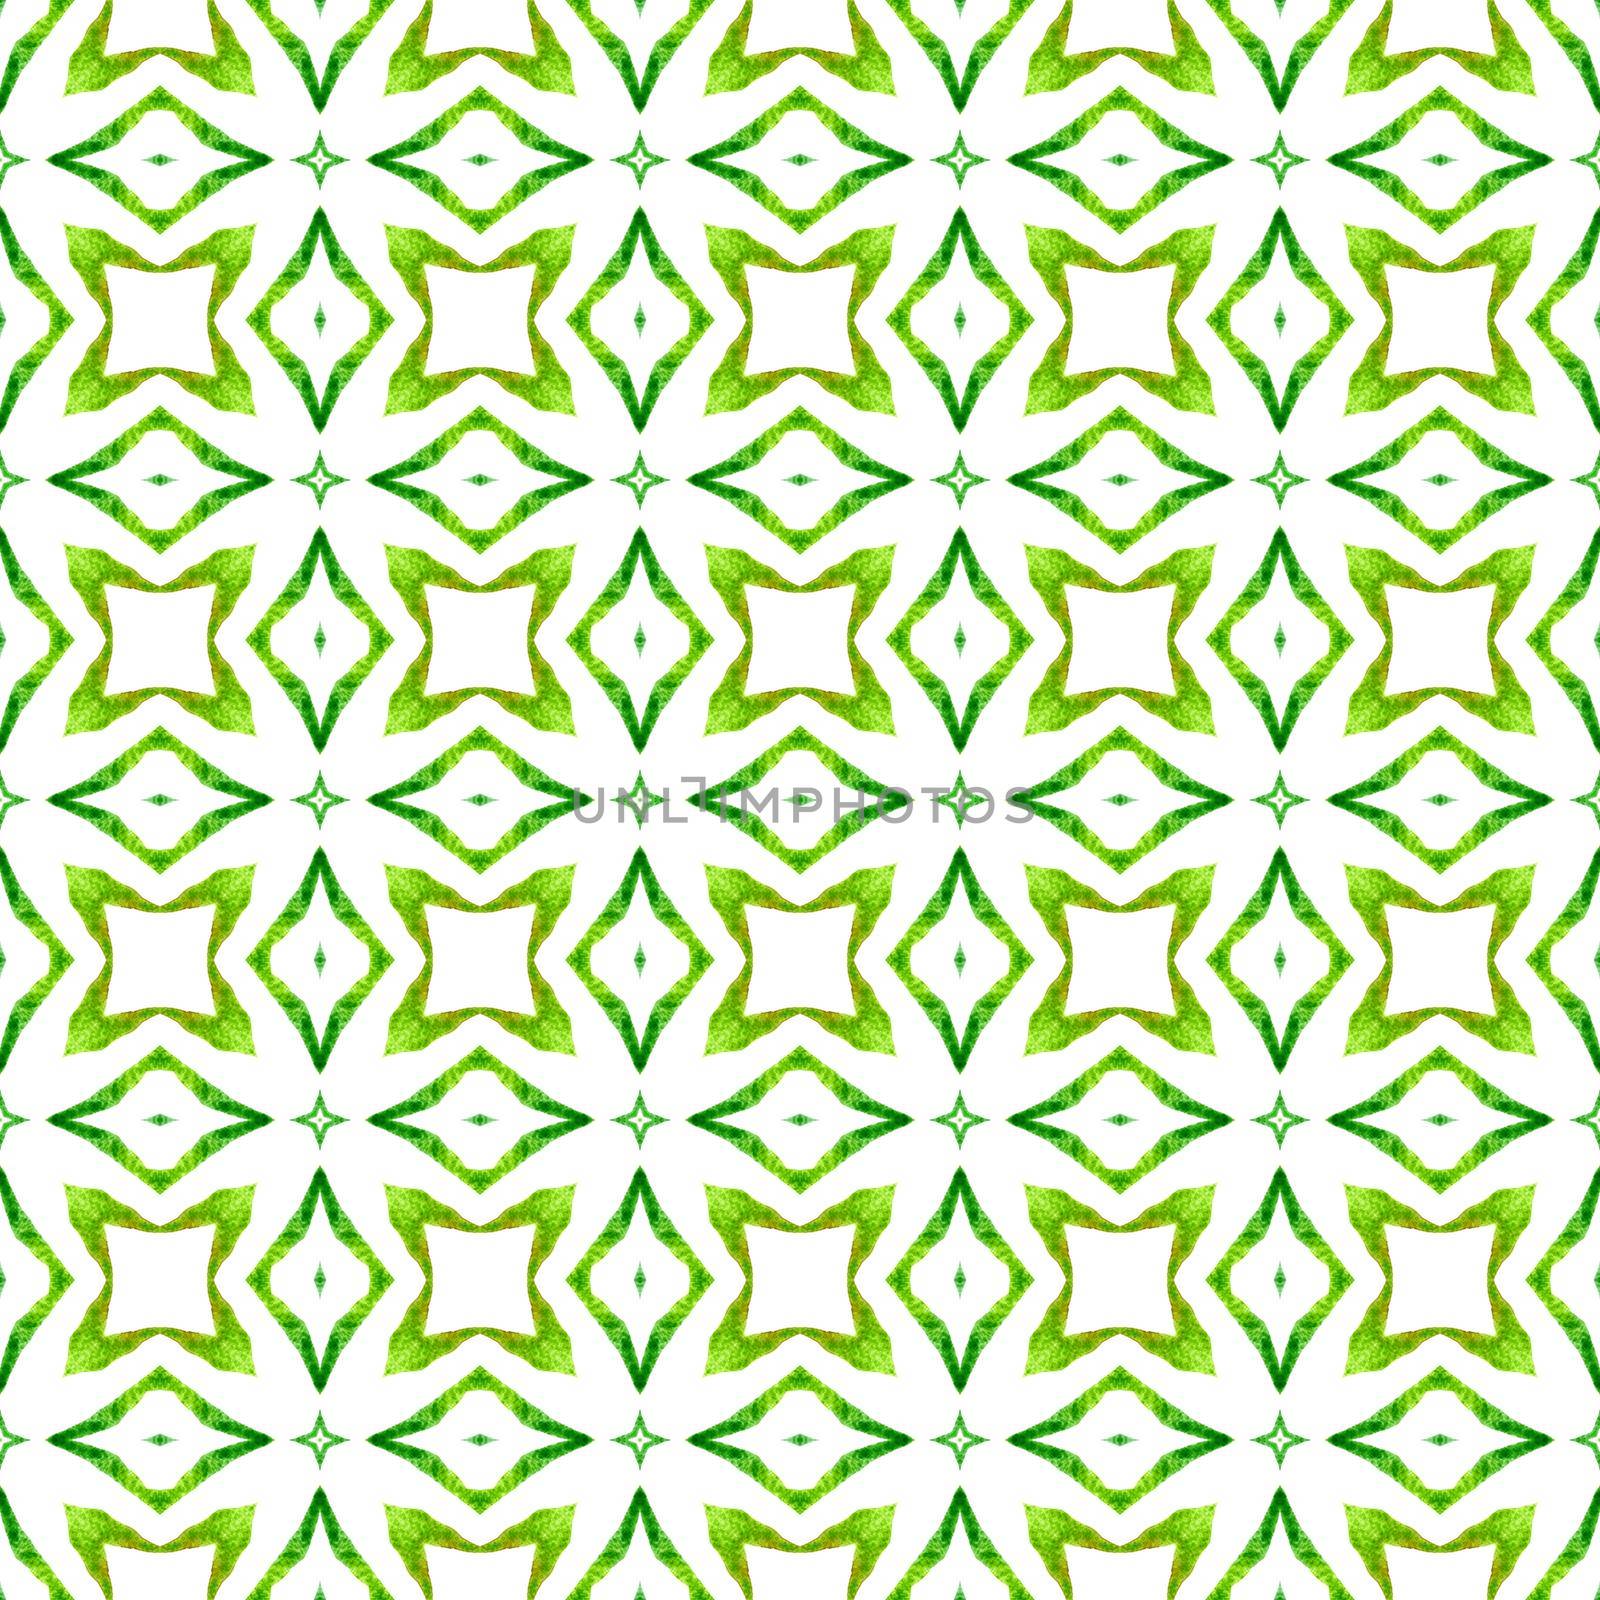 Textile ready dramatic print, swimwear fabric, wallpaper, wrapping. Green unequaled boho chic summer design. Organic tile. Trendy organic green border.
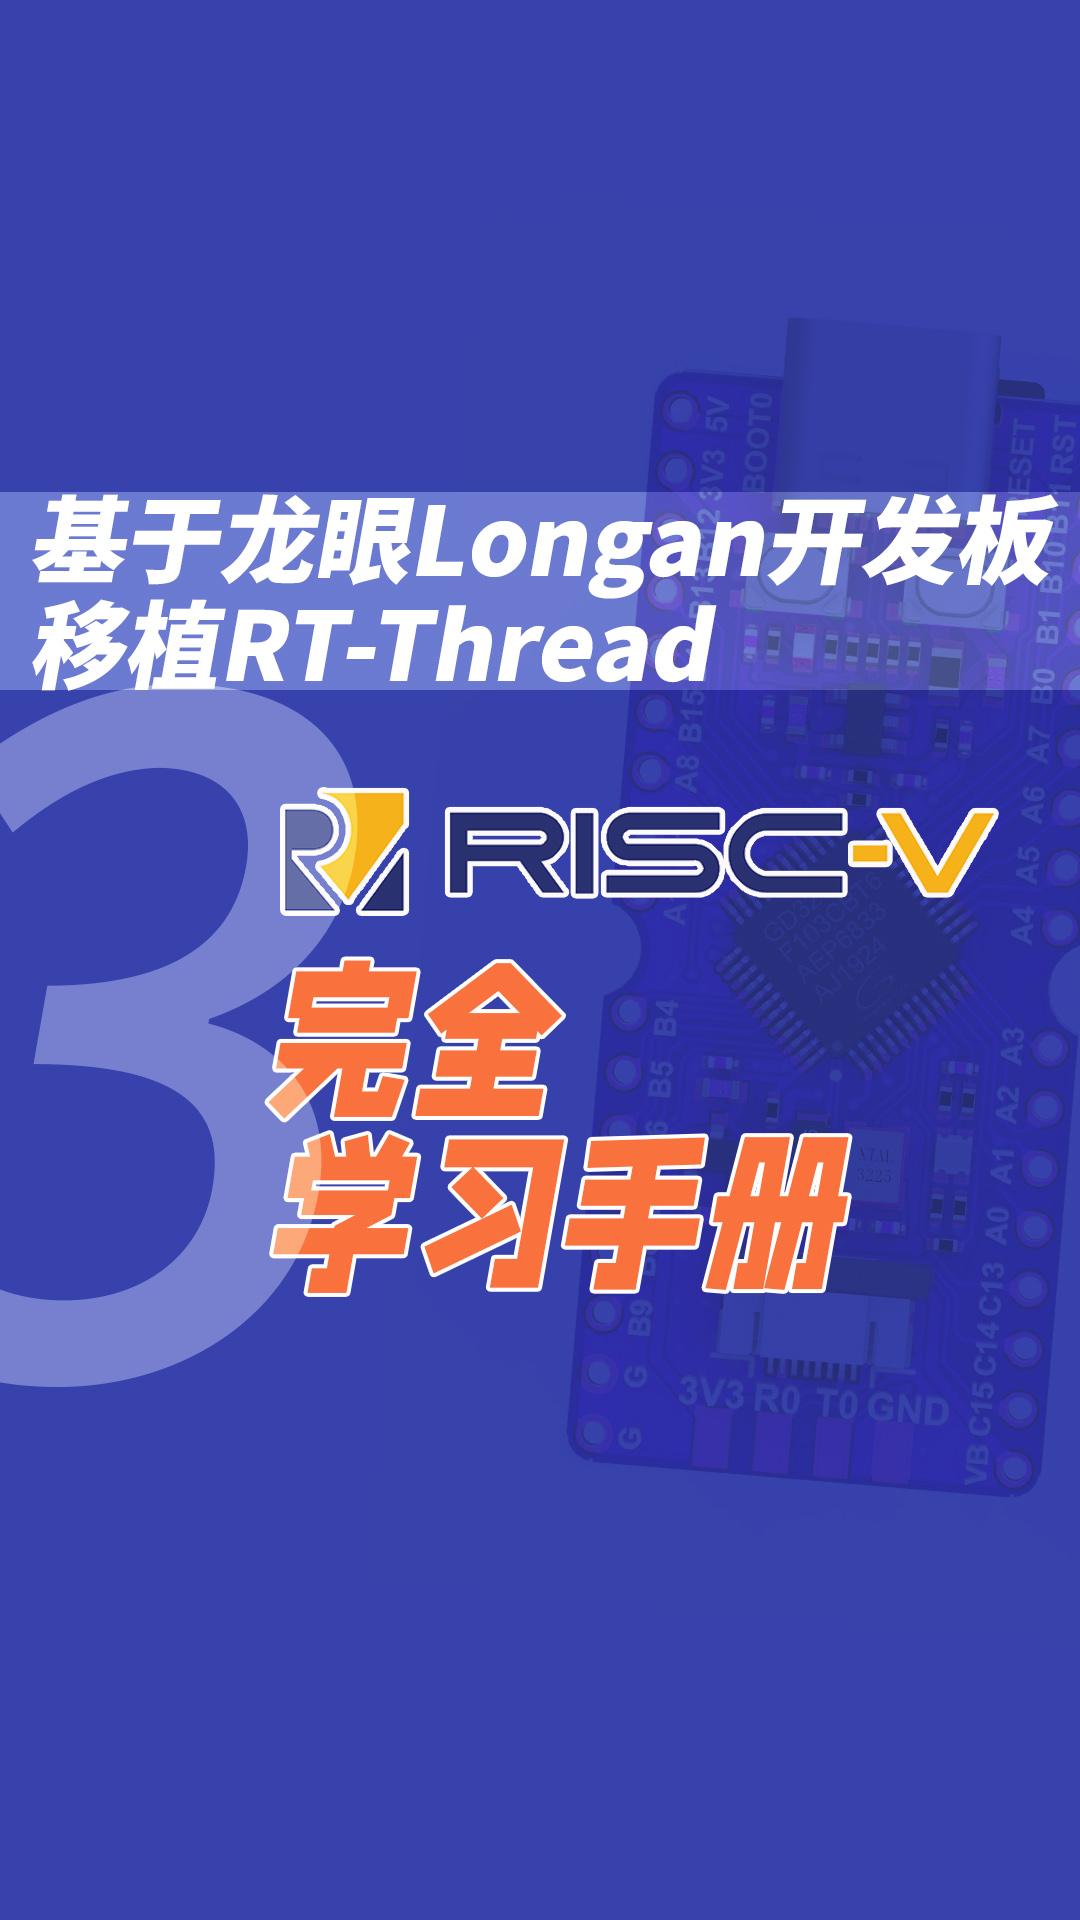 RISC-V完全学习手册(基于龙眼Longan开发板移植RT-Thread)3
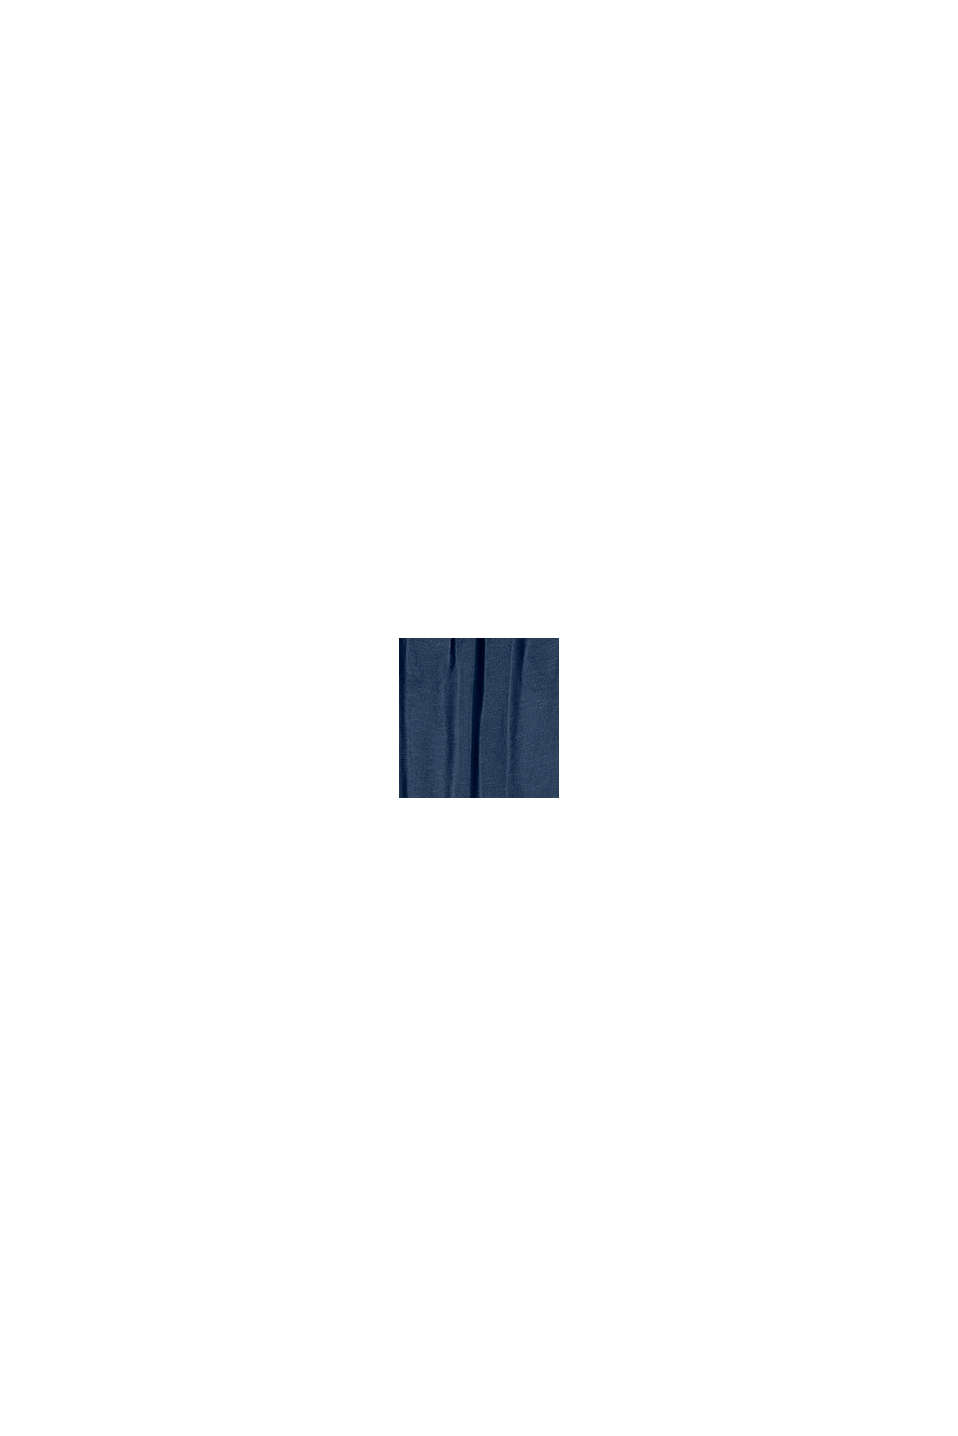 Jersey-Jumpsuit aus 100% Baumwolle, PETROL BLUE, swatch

Exercise requirements> From the line that contains "RISC-V完全学习手册(基于龙眼Longan开发板移植RT-Thread)3" to the end of the listing, give every line again exactly as written. Leave the pictures out.

Solved exercise>
 RISC-V完全学习手册(基于龙眼Longan开发板移植RT-Thread)3
 Jersey-Jumpsuit aus 100% Baumwolle, PETROL BLUE, swatch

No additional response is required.